Jefferson Davis

Jefferson Davis

As president of the Confederate States of America, Jefferson Davis was under almost constant criticism from members of the rebel congress, from many of the newspapers in the South, and from his military. There were bread riots and protests over the draft. At one point, Arkansas even threatened to secede from the Confederacy! Davis had lots of trouble with his generals, but he worked the best with Robert E. Lee.

More facts about Jefferson Davis:

  • Graduated from West Point!
  • He fought in the Mexican-American War.
  • He was Secretary of War under Franklin Pierce
  • His first wife was the daughter of Zachary Taylor.
  • He was often sick in bed, and at some point he lost an eye.
  • He was elected to a six-year term as president of the Confederacy. He ran unopposed.
  • He was a micromanager and a bit of a control freak.
  • He was said to be grumpy.

Jefferson Davis book review

I’m not a huge fan of the Confederacy, and I think anyone who flies a Confederate flag today, in 2018, is a racist. But I wanted to read more about the Civil War. “Embattled Rebel: Jefferson David as Commander in Chief” by James M. McPherson was on the bargain table at Barnes and Noble, in hardcover, for six bucks. It’s by the same author as the book I completed immediately before this one, “Tried by War: Abraham Lincoln as Commander in Chief,” and I found it was an interesting follow up.

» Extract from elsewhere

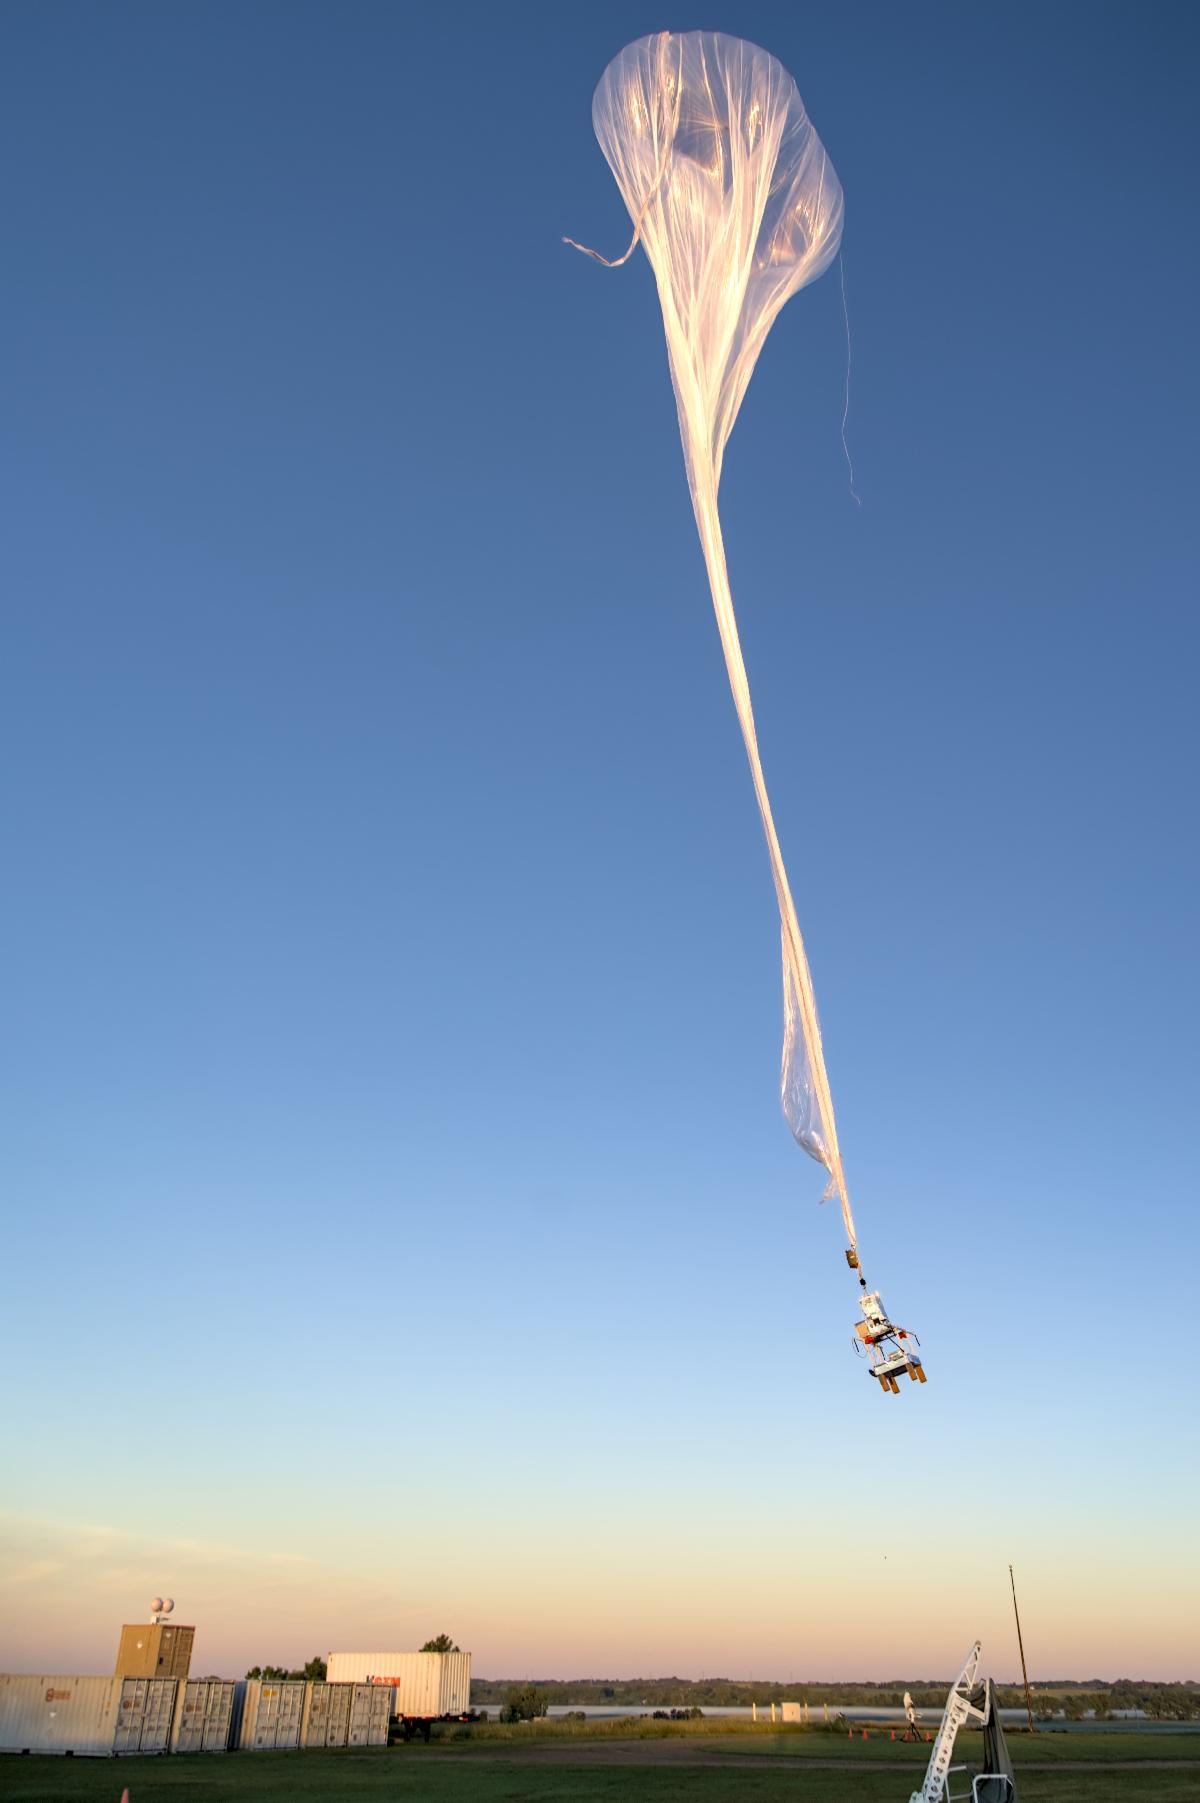 Aerostar's Zero-Pressure Balloon System launches from Baltic (SD) carrying a TechLeap Prize winning payload from Orion Labs in its gondola. (Credit: Orion Labs/Margarita Reyes)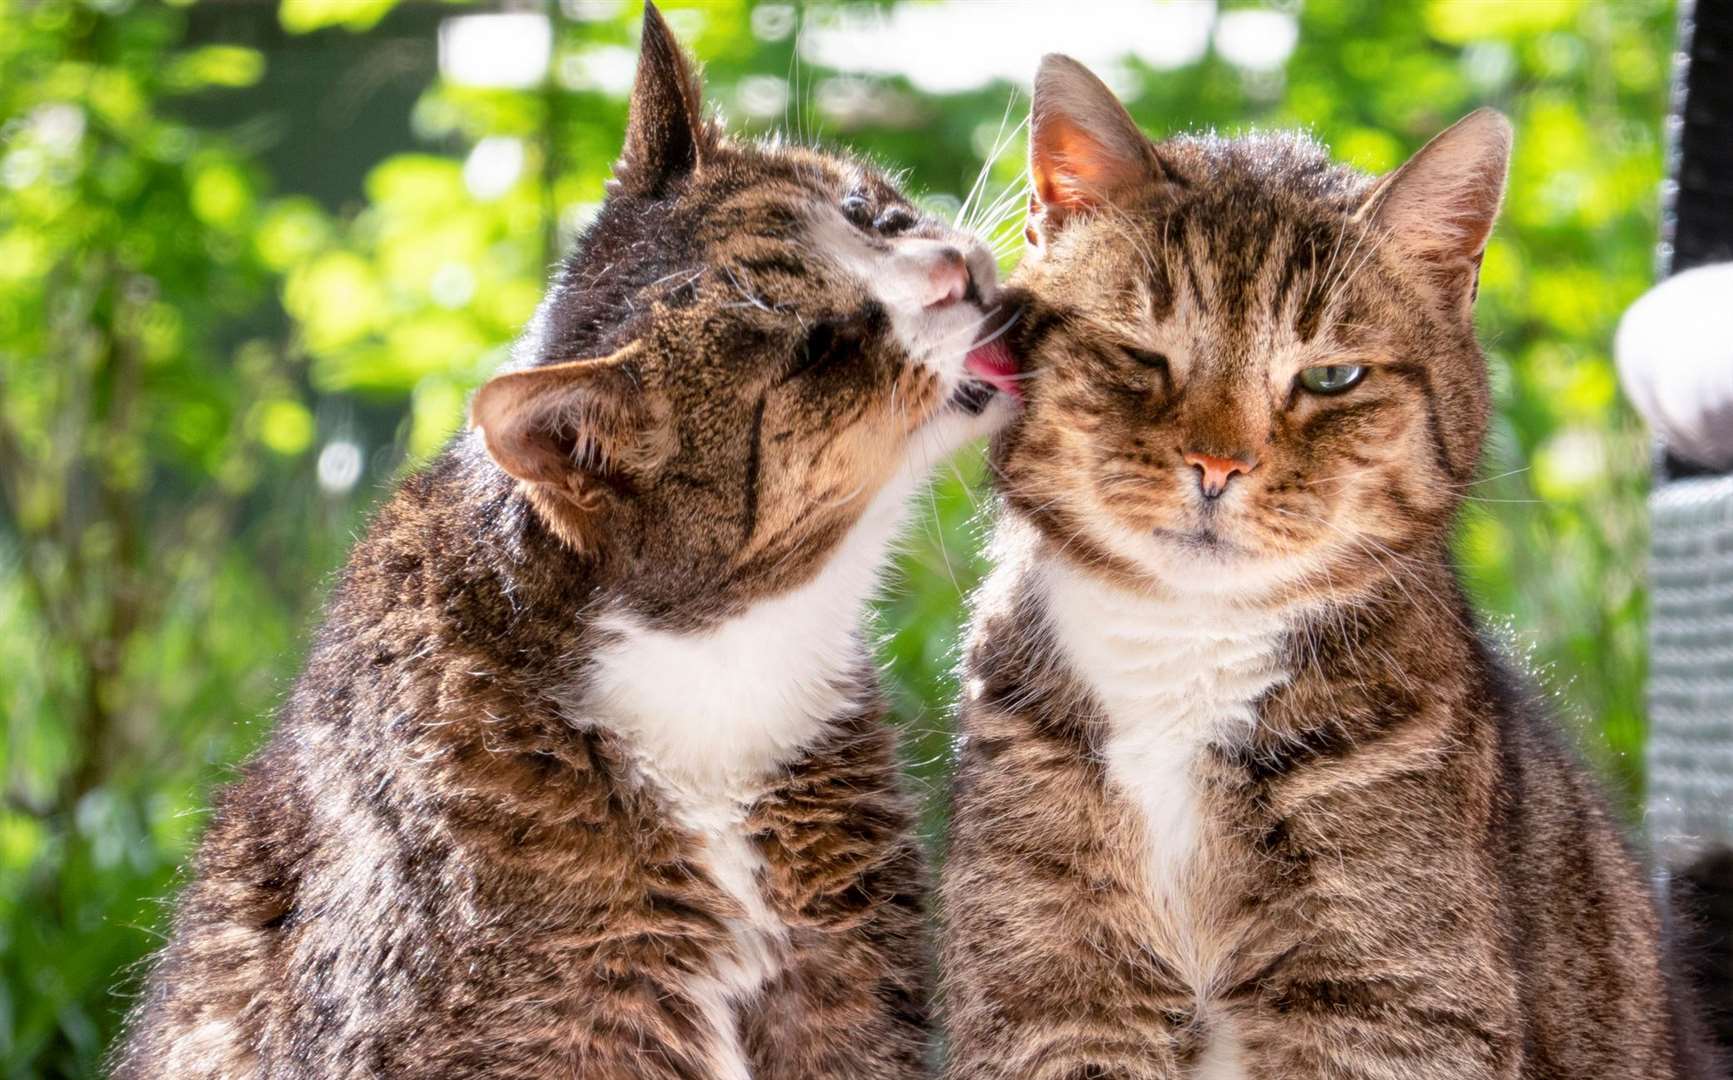 The initial infection is spread between cats. Image: iStock.

Rather than being a “cradle-to-grave” biography that I prefer reading, this book focuses almost exclusively on the war from the South’s perspective. There is not much about the upbringing of Jefferson Davis, his family life, his career leading up to the Civil war and what happened to him after. The author describes the immense disadvantages the South faced, and he describes the three times that the South came closest to winning the Civil War.